Que demande exactement DORA sur la sortie d’un prestataire TIC ?
Le règlement (UE) 2022/2554 impose aux entités financières de disposer de stratégies de sortie pour leurs prestataires de services TIC, avec des exigences renforcées lorsque le service soutient une fonction critique ou importante. La logique est simple : la dépendance est autorisée, l’enfermement ne l’est pas.
Concrètement, le régulateur attend que vous puissiez répondre à quatre questions sans hésiter :
- Quelles fonctions critiques dépendent de ce prestataire, et lesquelles s’arrêtent avec lui ?
- Combien de temps vous faut-il pour transférer le service, en interne ou vers un tiers ?
- Vos données sont-elles récupérables, dans quel format, sous quel délai, à quel coût ?
- Qui décide de déclencher la sortie, et sur quels signaux ?
Une réponse en une phrase dans un contrat ne satisfait aucun de ces quatre points.
Pourquoi ce sujet remonte maintenant, en août 2026 ?

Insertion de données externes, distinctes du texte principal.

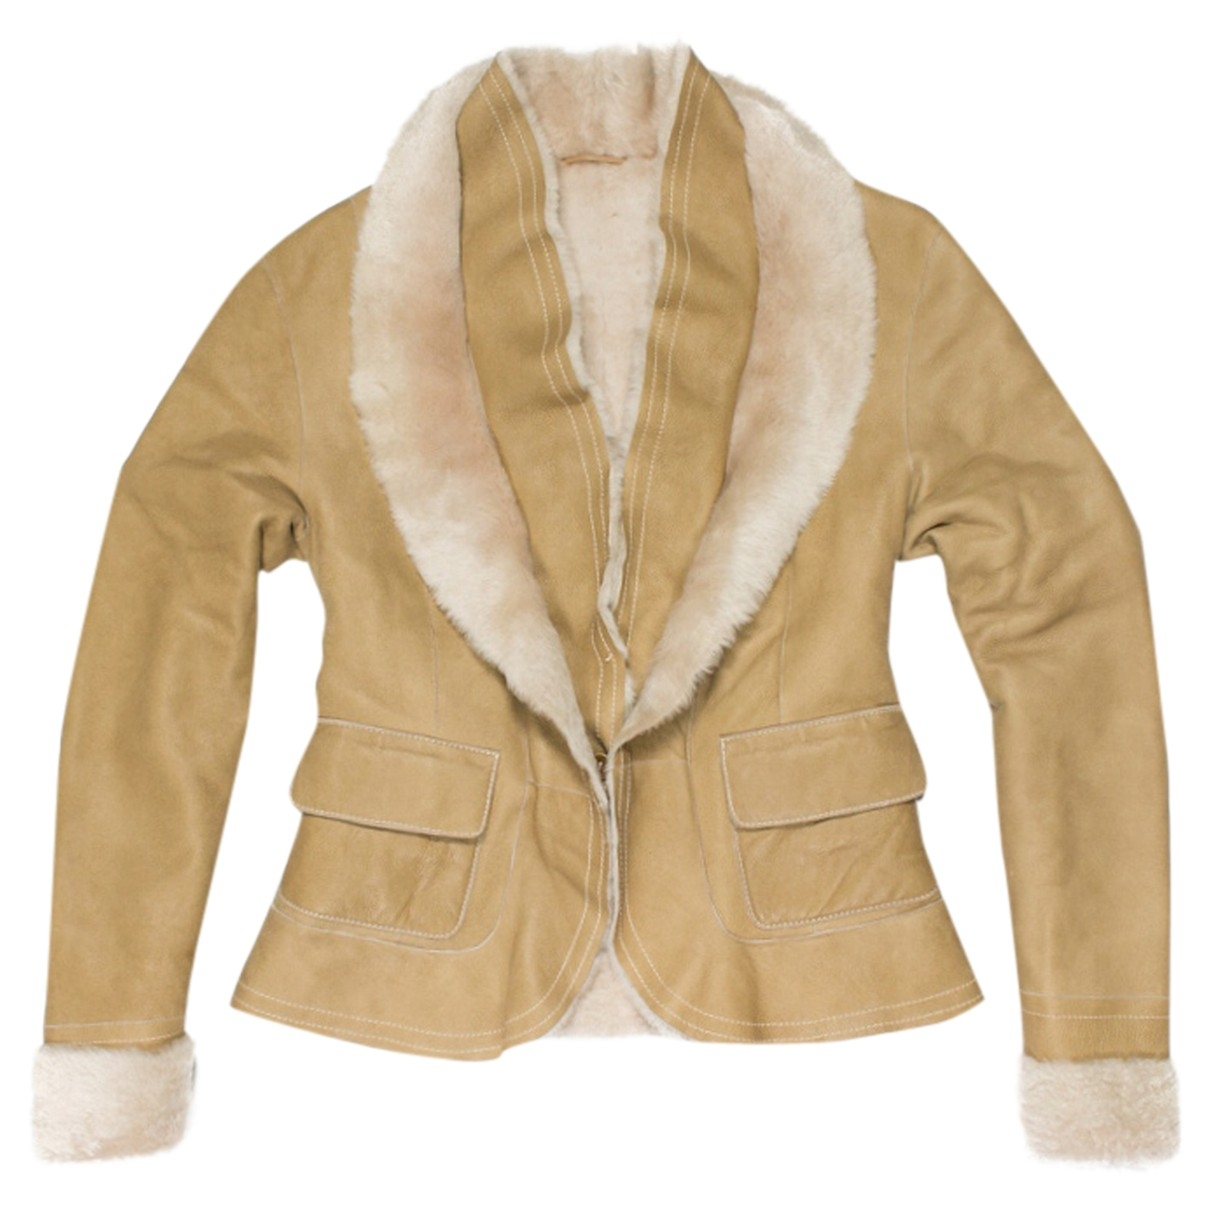 Marc Cain \N Beige Leather jacket for Women M International

Parce que le registre d’information a été remis. La déclaration des registres d’information était attendue au 31 mars 2026 au format CSV, comme le précise la page DORA de l’ACPR (mise à jour du 20 mars 2026). Ce registre cartographie vos accords contractuels TIC, vos fonctions critiques et vos dépendances : c’est l’une des pièces maîtresses de la conformité DORA.
Une fois ce registre entre les mains du superviseur, l’étape suivante est mécanique : il lit les concentrations. Si trois de vos fonctions critiques reposent sur le même prestataire, la question de la sortie devient une question de supervision, pas une clause de style. C’est exactement le mouvement que nous décrivions à propos de la liste des prestataires TIC critiques sous supervision européenne.
Comment savoir si votre stratégie de sortie tient vraiment ?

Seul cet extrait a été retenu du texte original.